Даже стекла задребезжали.
Тобольцев так и вскочил.
– Стёпушка, что это значит?
Он опять уловил необычайную вибрацию в этом голосе.
– Боже мой!.. Как это у тебя талантливо вышло, Стёпушка! Ни один актер не скажет…
Стараясь маскировать волнение, Потапов рассказал, как он год назад читал рабочим «Гамлета». Три вечера посвятили чтению.
– И неужели все понимали?
– А ты как думаешь?.. Без комментарий все, если не считать исторической стороны, конечно. Вот тебе, Андрей, мое завещание: коли актером будешь, играй только на заводах да на фабриках. Более благодарной публики не найдешь. Да и свое дело облагородишь.
– А хорошо это у тебя выходило – «Быть или не быть?»
– Э, брат! Как выходило, так и выходило… Меня ведь не критиканы слушали. Слова не проронили… А вот удался мне лучше всего монолог отца ГамлетаТеии… Загудел, знаешь, я, как шмель, на всю комнату.
И на них, представь, впечатление очень сильное произвел…
– ещё бы! – крикнул Тобольцев, и глаза его блестели.
– Ну, так вот… Вспомнил я эти слова… А так как будущее нам неизвестно, вообще… поэтому… «Прощай, прощай, прощай!.. И помни обо мне!..»

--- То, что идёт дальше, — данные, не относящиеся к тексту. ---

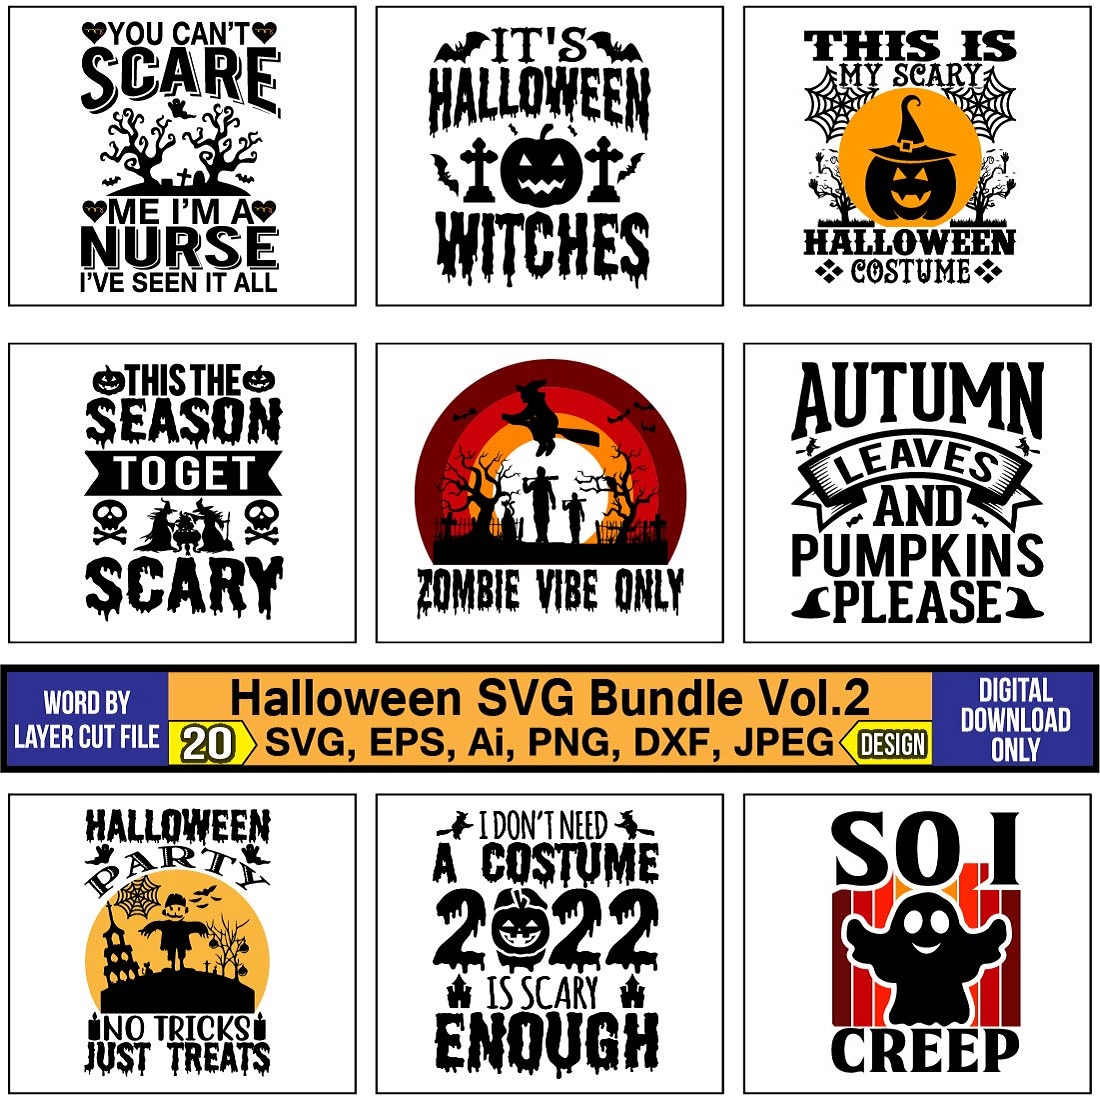 Pack of adorable images for prints on the theme of Halloween.

И на этот раз голос его задрожал уже заметно.
Точно сила какая толкнула Тобольцева к Потапову. Они крепко обнялись.
И когда в коридоре замерли тяжелые шаги Степана, Тобольцева опять, как ночью, охватило предчувствие какого-то несчастия.
И предчувствие не обмануло.
Смелость и находчивость Потапова долго помогали ему лавировать между Сциллой и Харибдой[32]. Но наконец пробил и его час… Он был прослежен давно искавшими его сыщиками, когда агитировал на одном крупном заводе в Москве. Его арестовали и сослали в Якутскую область.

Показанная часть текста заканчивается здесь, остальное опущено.